**TASK TO COMPLETE**: Write out the lines of the material below exactly, beginning at the line with "Microsoft Office Home" and stopping after the line with "Families have a", and leave out the pictures.

====== DATA PROVIDED

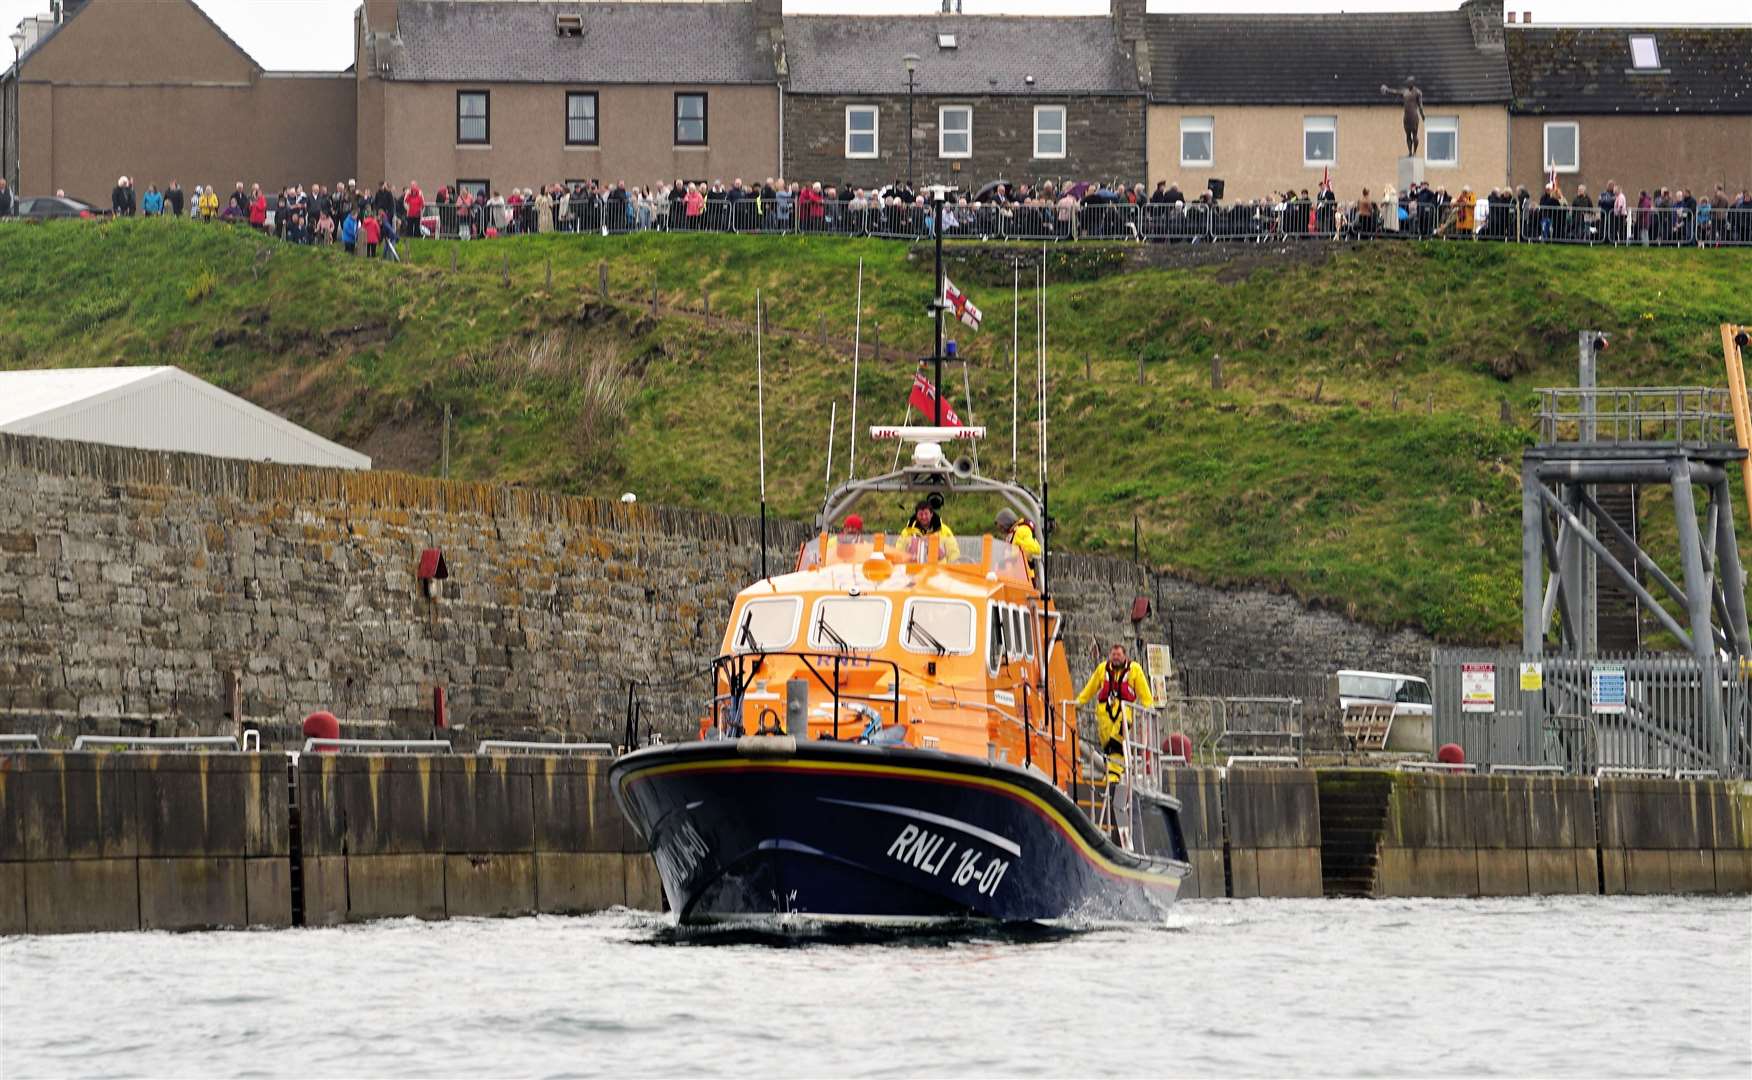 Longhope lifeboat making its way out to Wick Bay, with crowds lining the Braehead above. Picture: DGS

============
====== DATA PROVIDED

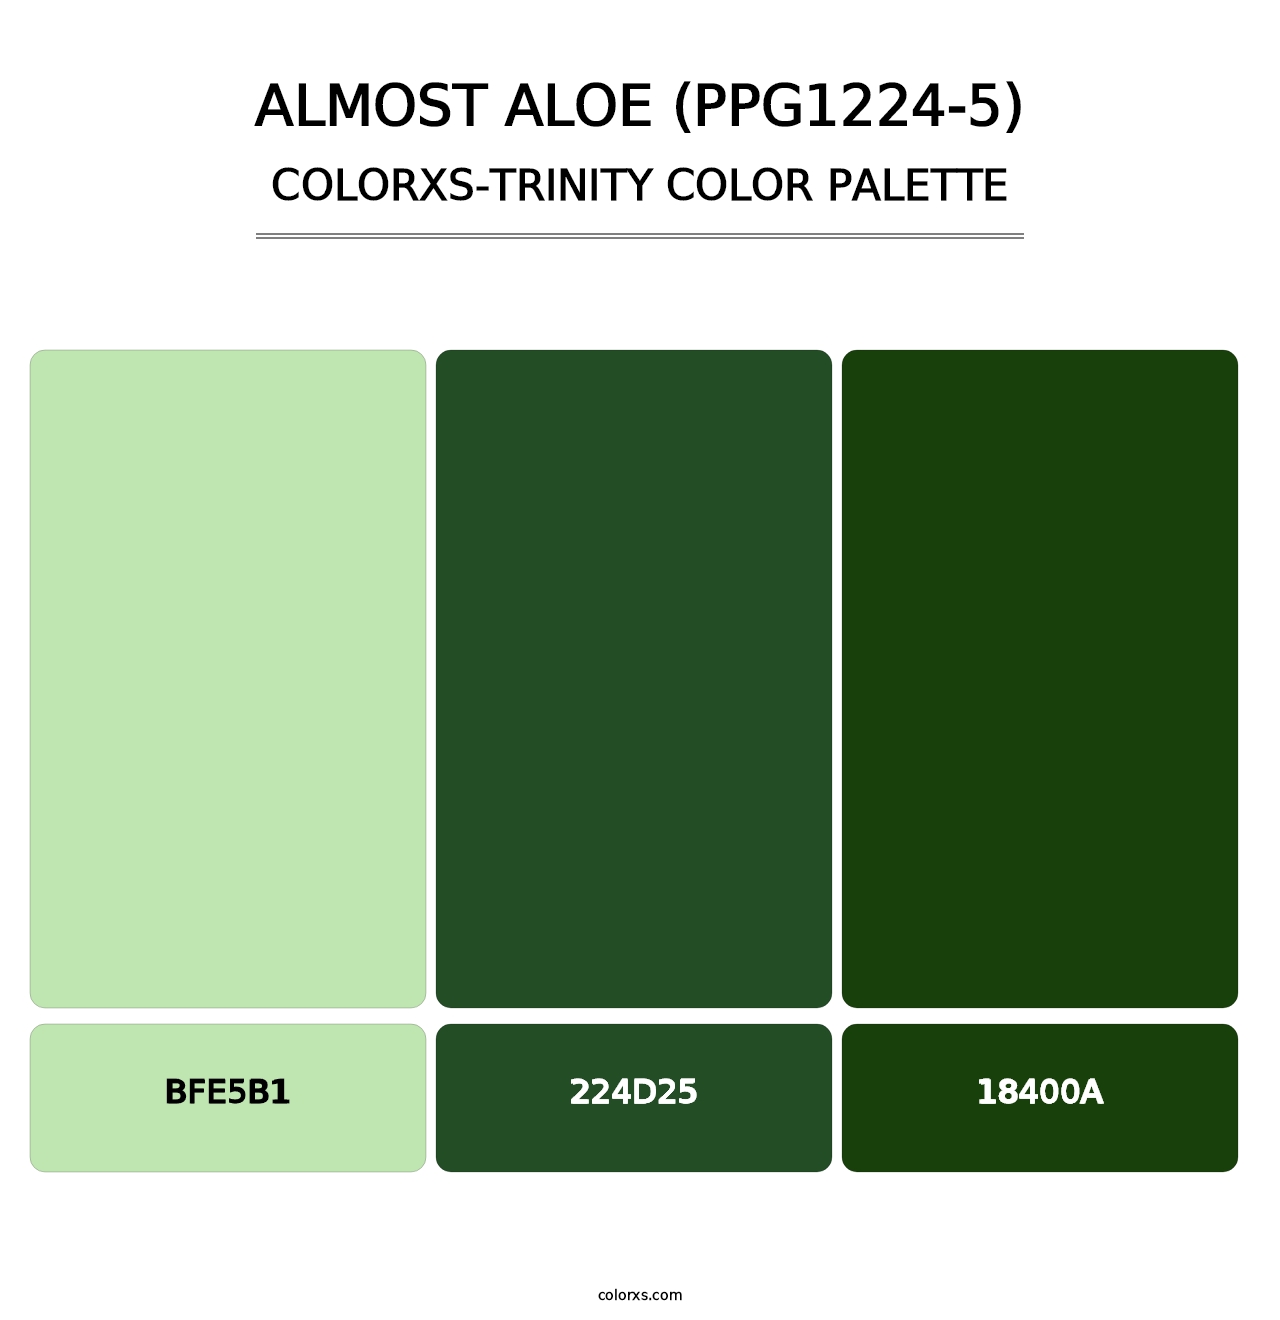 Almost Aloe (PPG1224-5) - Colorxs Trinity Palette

============
====== DATA PROVIDED

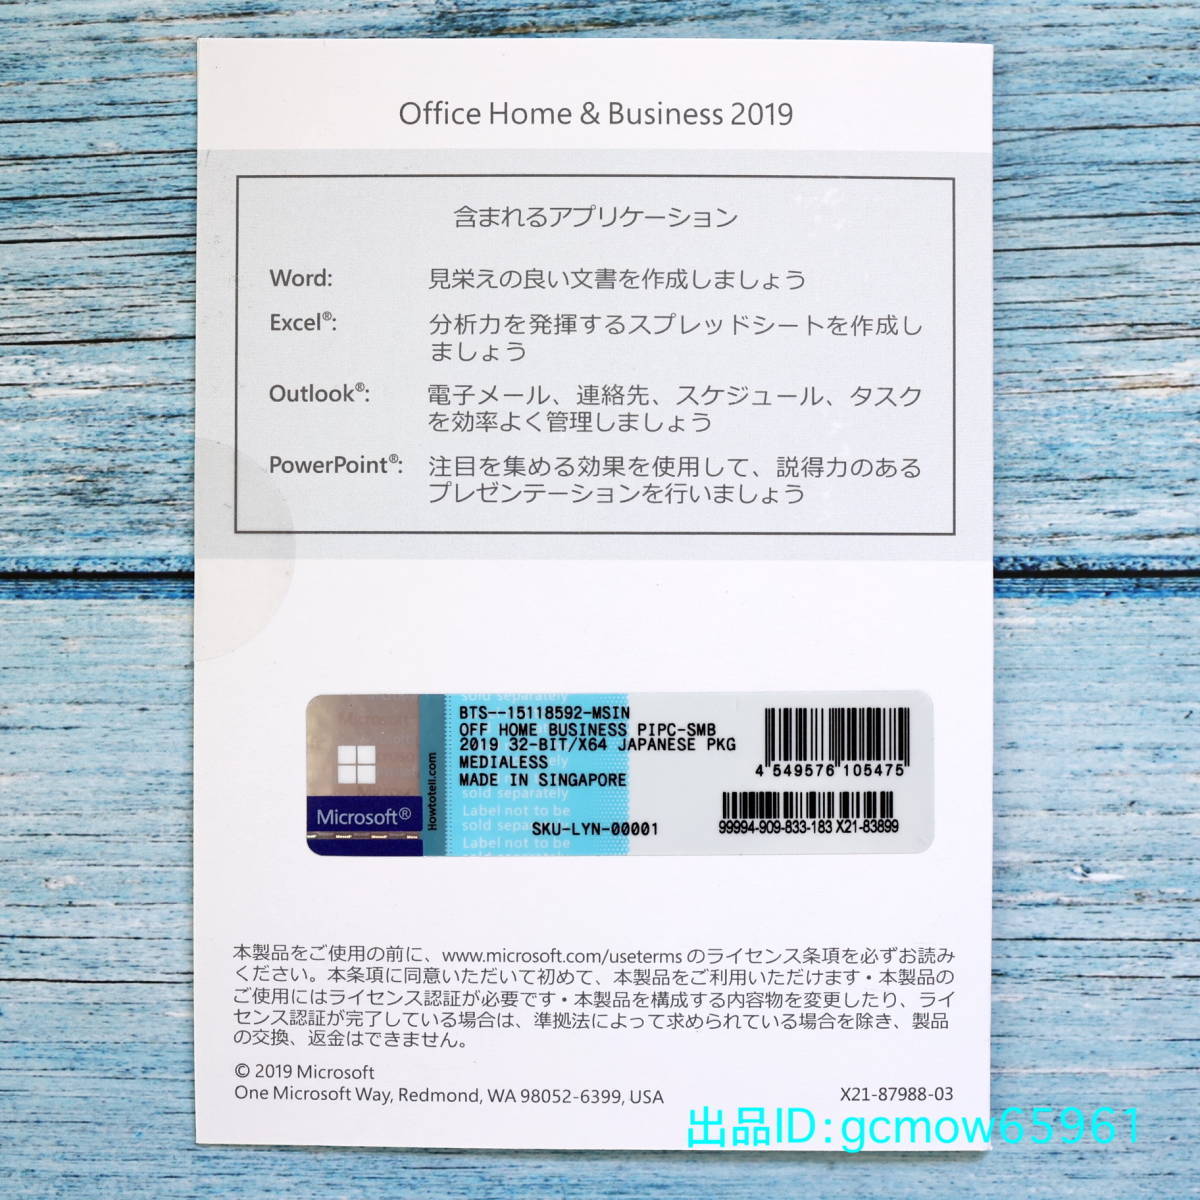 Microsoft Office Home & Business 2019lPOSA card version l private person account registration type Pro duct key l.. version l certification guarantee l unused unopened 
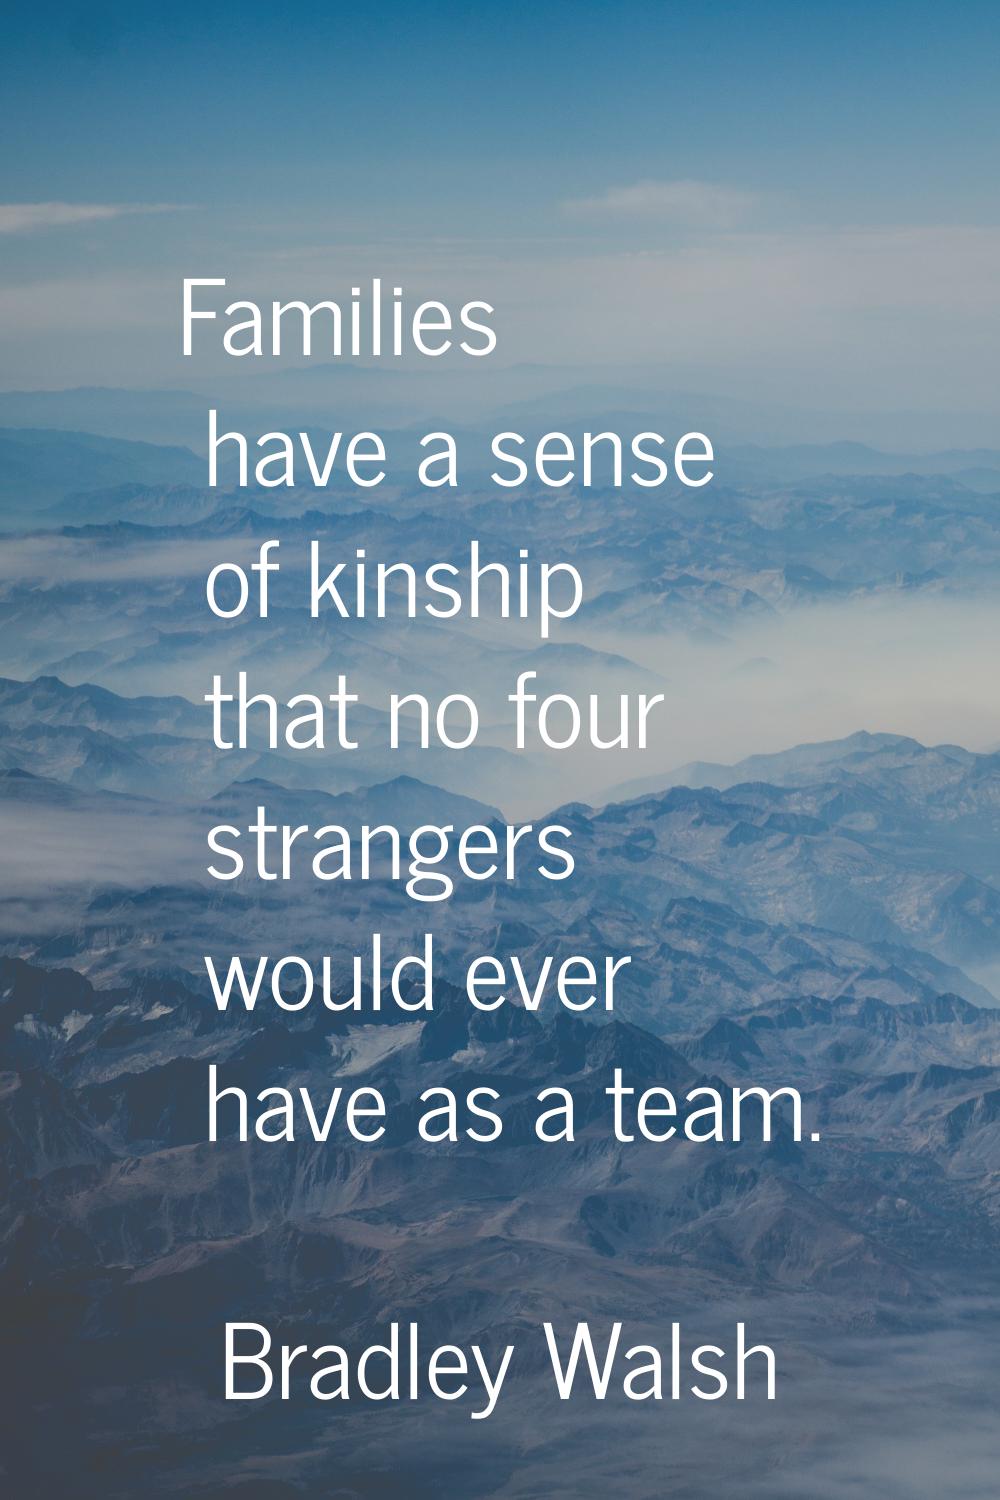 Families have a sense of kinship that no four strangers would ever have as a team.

============

**RESULT BELOW**:
 Microsoft Office Home & Business 2019lPOSA card version l private person account registration type Pro duct key l.. version l certification guarantee l unused unopened 
 Families have a sense of kinship that no four strangers would ever have as a team.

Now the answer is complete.